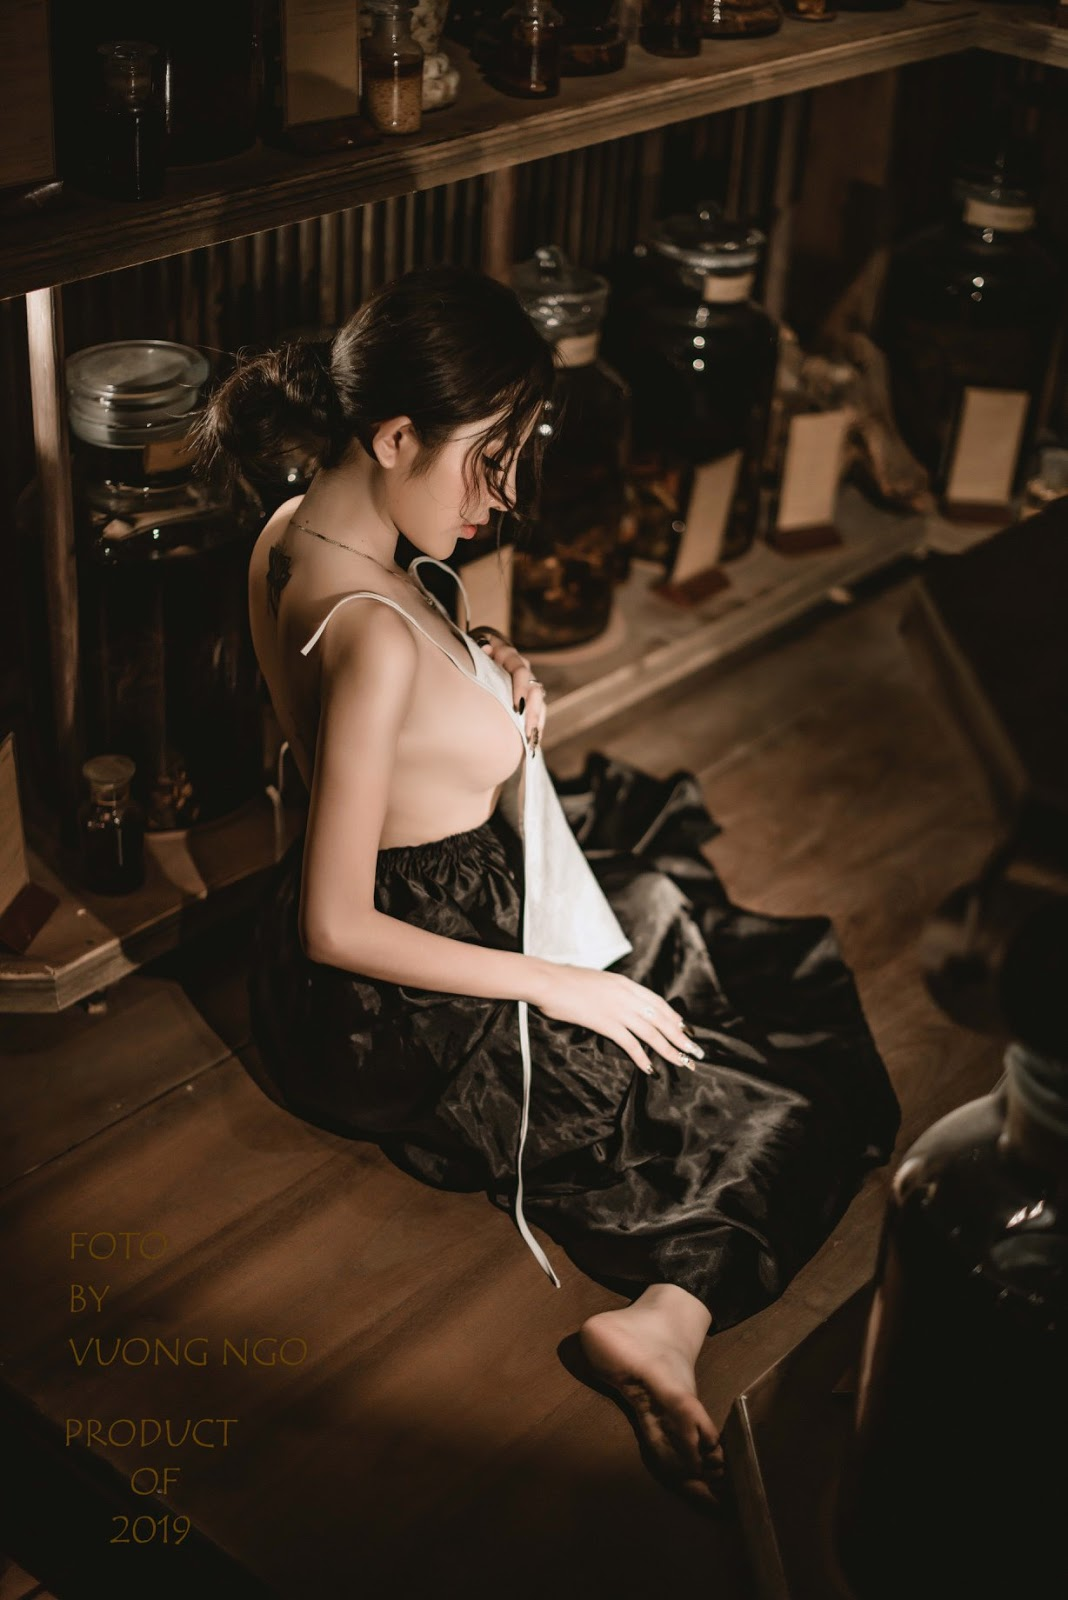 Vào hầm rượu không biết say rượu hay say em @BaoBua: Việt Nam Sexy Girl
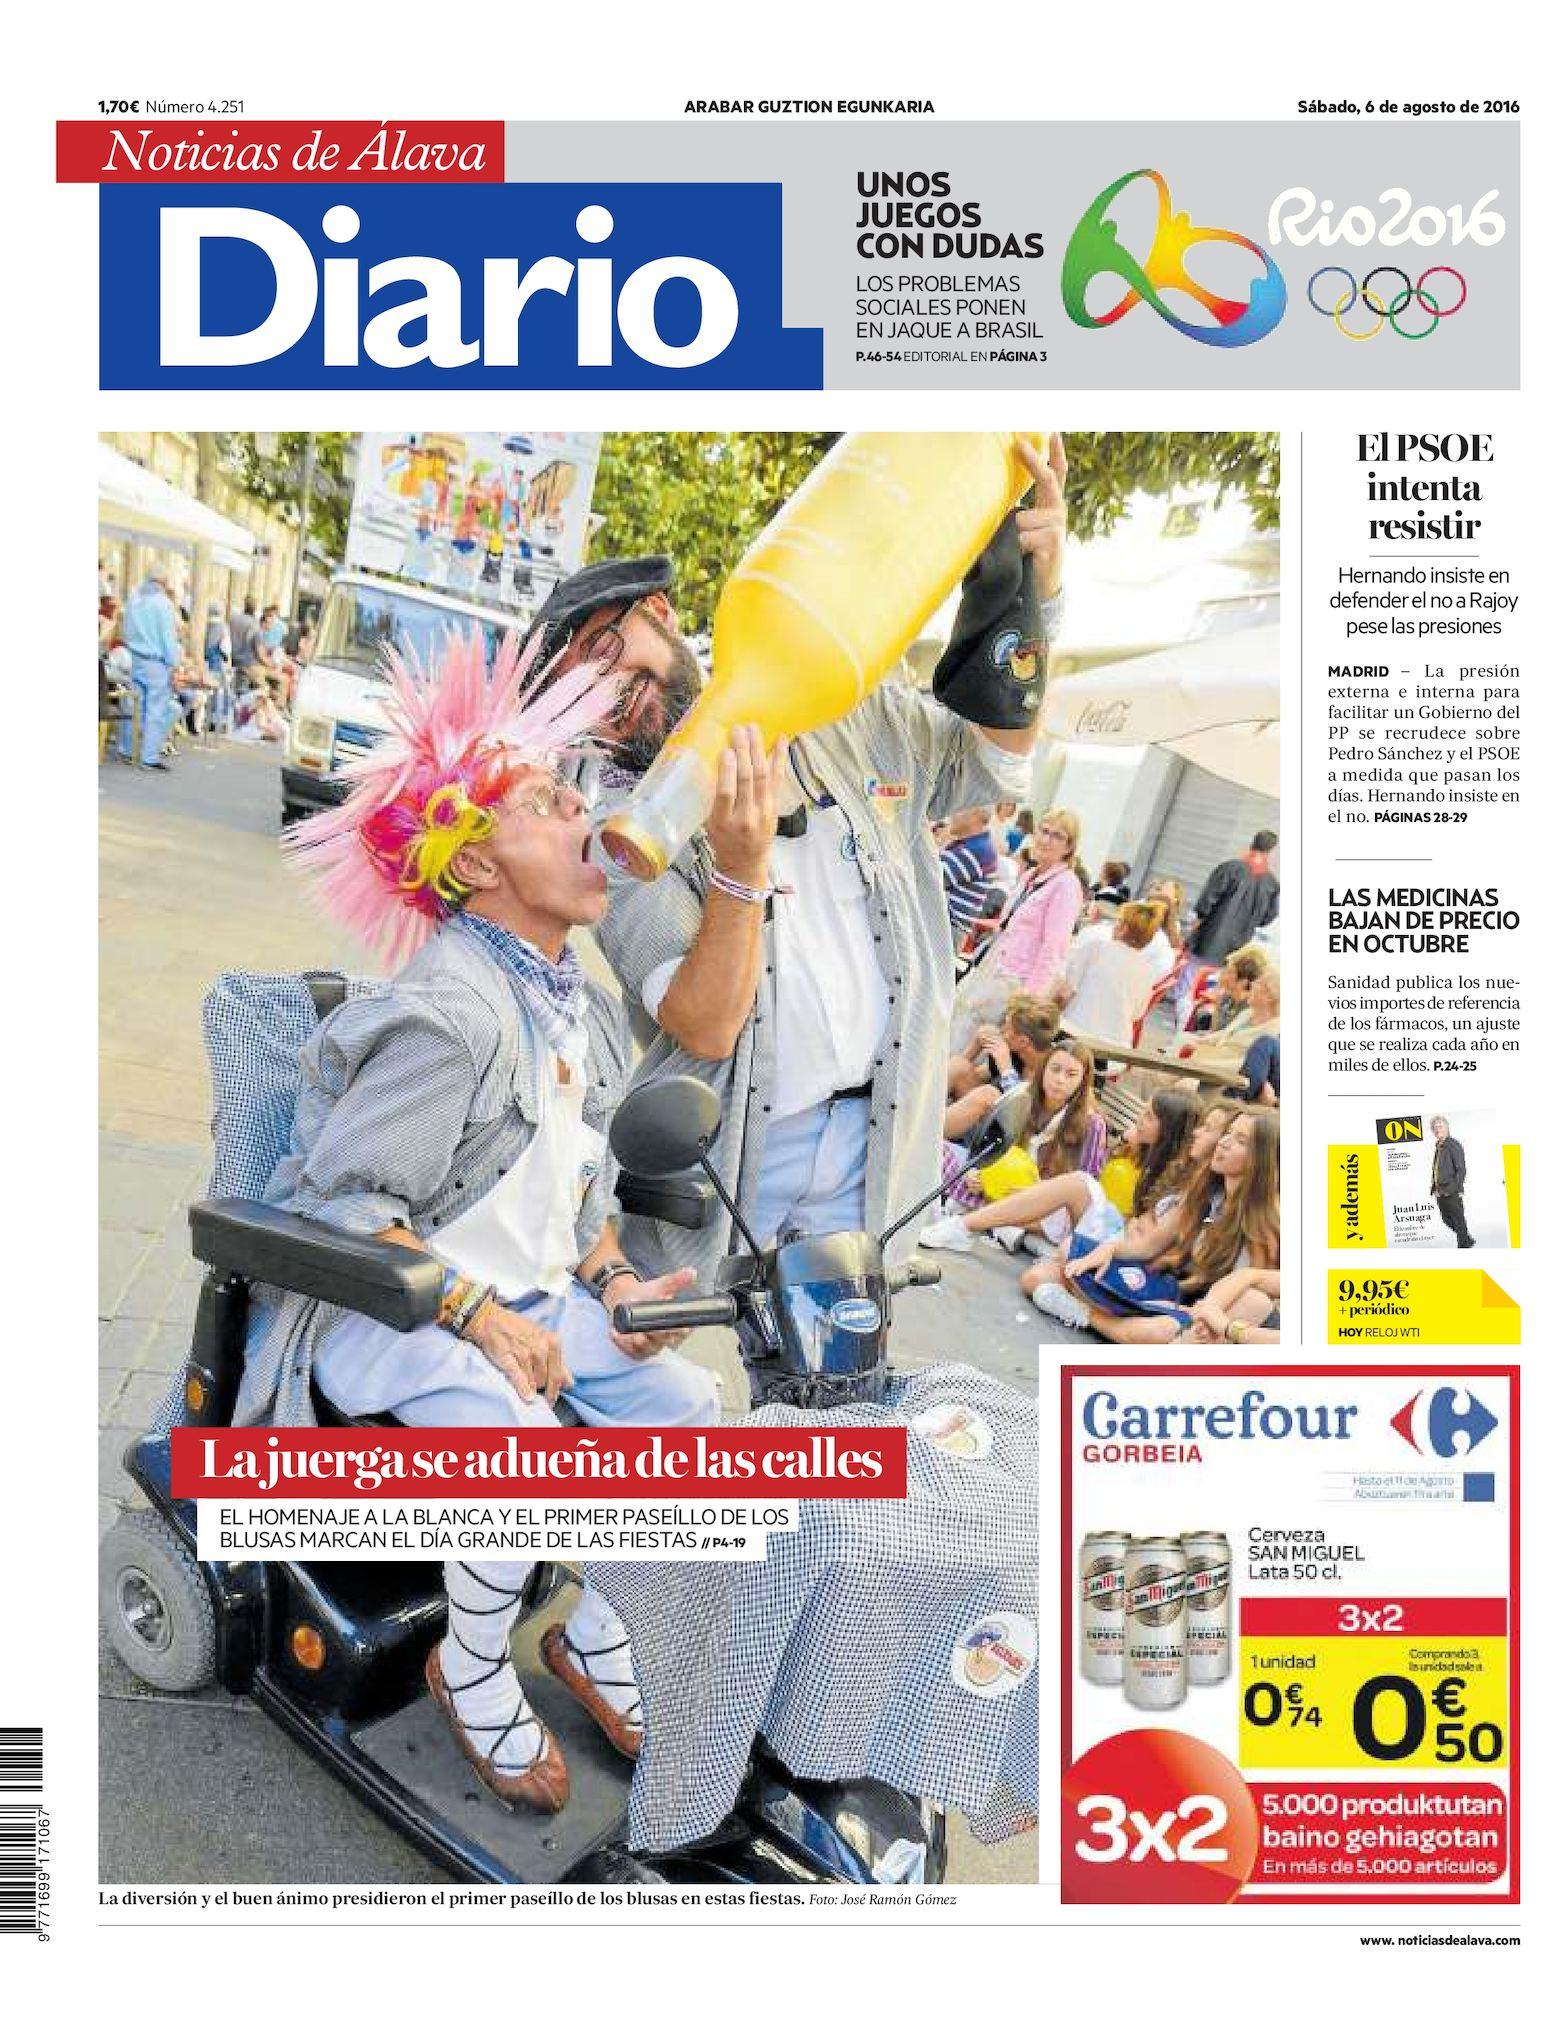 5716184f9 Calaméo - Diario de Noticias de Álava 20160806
● ● ● ● ● ● ●
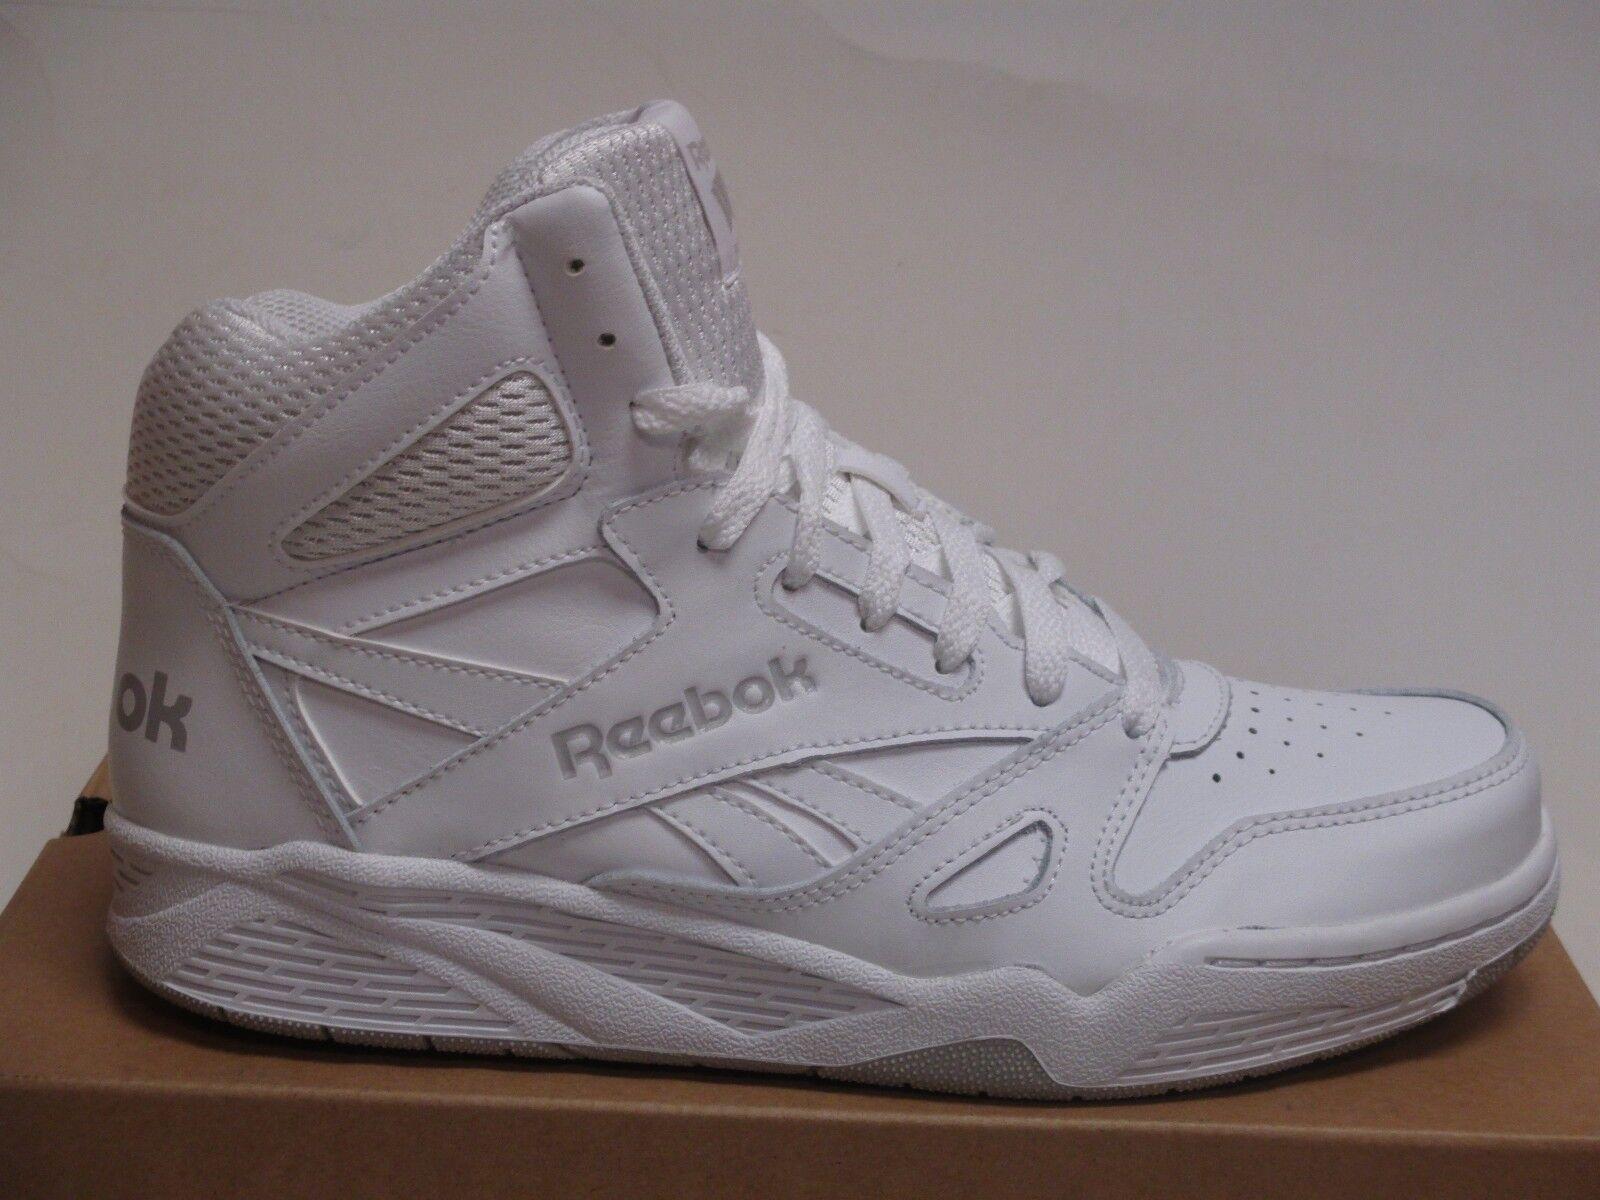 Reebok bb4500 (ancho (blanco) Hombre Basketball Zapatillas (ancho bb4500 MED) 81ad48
● ● ● ● ● ● ●
PROBLEM TO SOLVE:
Within the listing above, print exactly the stretch beginning at the line that contains "Vào hầm rượu" and finishing at the line that contains "5716184f9 Calaméo - Diario", ends kept, pictures left out, and nothing more.

ANSWER BELOW:
 Vào hầm rượu không biết say rượu hay say em @BaoBua: Việt Nam Sexy Girl
 5716184f9 Calaméo - Diario de Noticias de Álava 20160806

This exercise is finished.